Mohammad explained who the end user of Colibri may be. “It could be, for example, bio-medical researchers, and we have such people at LCSB, one of the project partners, but we could also imagine people who are interested in public health, so decision makers who for example, have to manage hospital infrastructure or have to recommend best practices, for example how to manage teams of nurses and doctors during the COVID-19 pandemic, and typically aspects like anxiety that has been observed in these teams because they are the first line responders and they live with the pandemic more than us”.

The COLIBRI project is planned for worldwide use. “That’s why we put it on a public facing website; colibri.list.lu, and there is a guest login, so the plan is to advertise this platform on relevant websites so that we can attract researchers from around the world and maybe get feedback from them,” concluded Mohammad.

WHAT IS LIST SPECIFIC CONTRIBUTION?

LIST has a solid track record in visualization, in particular visual text analytics and network visualization.

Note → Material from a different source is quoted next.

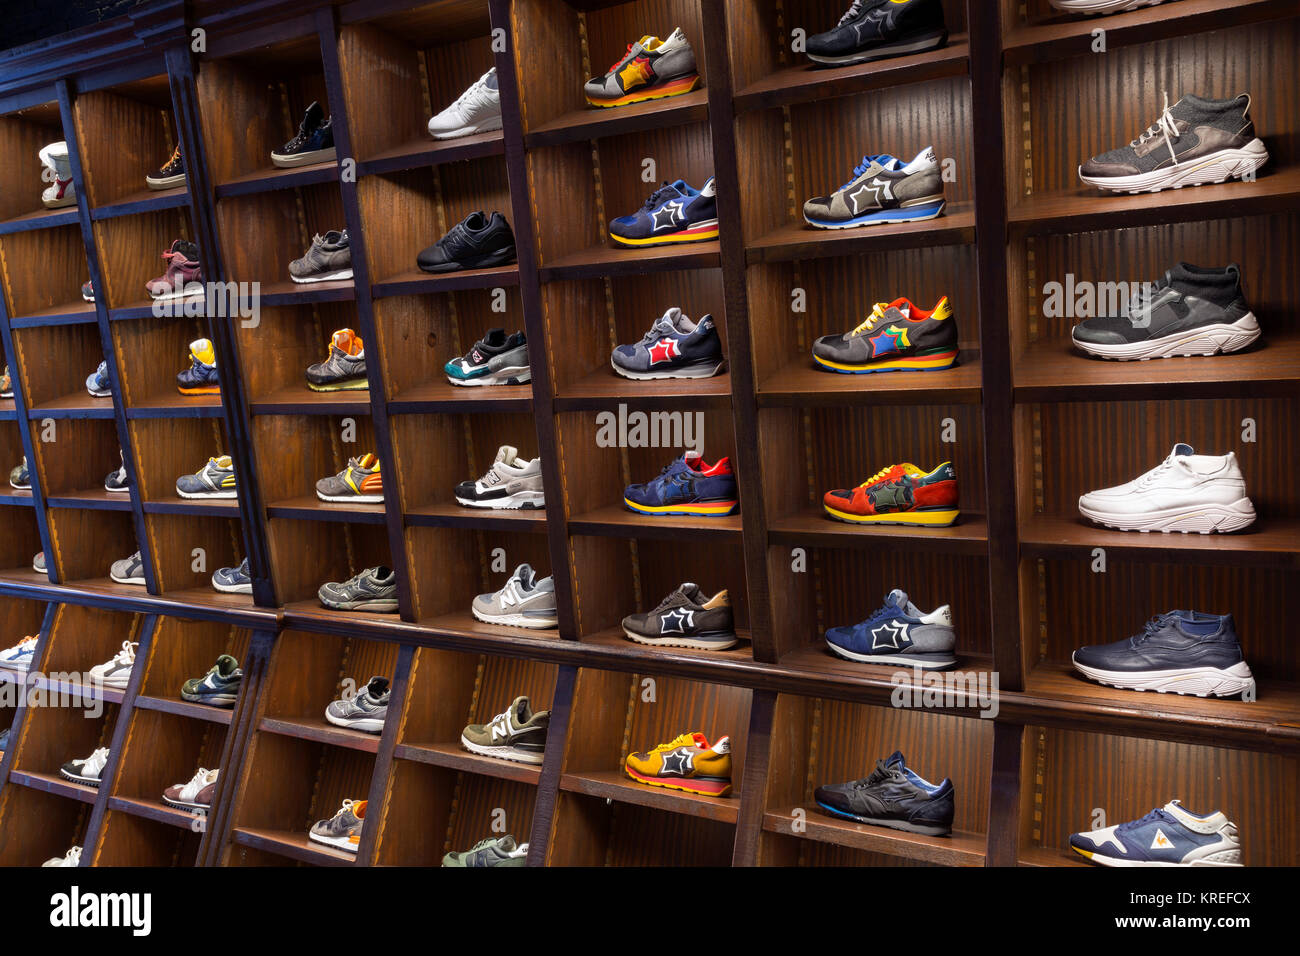 Definición regalo escala Sneakers shoes in shelves of a store, Milano, Italy Stock Photo - Alamy
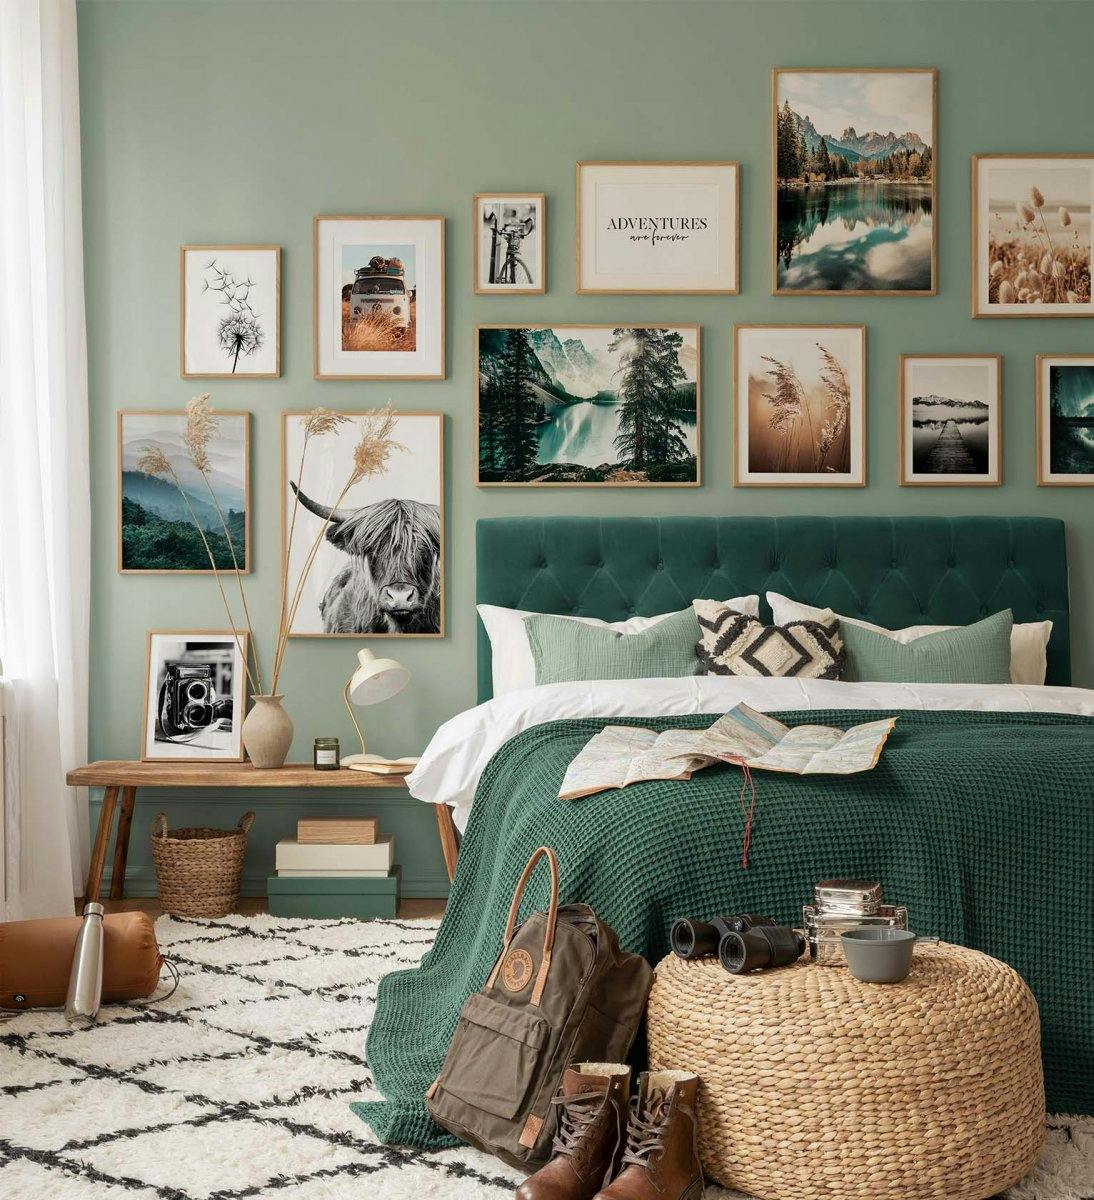 자연에서 영감을 받은 녹색 테마의 작품과 오크 프레임이 아름답게 어우러진 침실용 갤러리월

The Colibri project will reuse and extend two software assets developed at LIST, "Papyrus" to support the visual exploration of large document collections, and "BLIZAAR" for the exploratory analyses of biological network data.

WHAT IS YOUR ROLE WITHIN COLIBRI?

I am coordinating the activities of Colibri together with Venkata Satagopam from LCSB. In particular, I will oversee research and development activities pertaining to text and network visualization, and also foster synergies between all project partners.

ABOUT MOHAMMAD GHONIEM:

Dr Mohammad Ghoniem is a senior research and technology associate at Luxembourg Institute of Science and Technology. He received his doctorate in computer science from the University Of Nantes, France, in 2005. His main research interests include information visualization, visual analytics and explainable artificial intelligence. Over the past 20 years, he has designed, built and evaluated various data visualization and analytics software for a variety of application domains, such as network forensics, fraud detection in financial transactions, and since 2015 systems biology and microbiology. He was the principal investigator of the Hydviga project, which resulted in "iCoVeR" a visual analytics software supporting the exploratory analysis of massive multivariate data concerning bacterial population involved in the biomethanation process. He was also the national Luxembourg coordinator of the ANR/FNR PRCI BLIZAAR project (2016-2019) edicated to the visualization of multilayer dynamic networks with a use case in plant systems biology and a second one in digital cultural heritage.

Dr Mohammad Ghoniem is also leading the data visualization workpackage in the Goodyear-LIST collaboration, supporting data-driven decision making in the automative sector.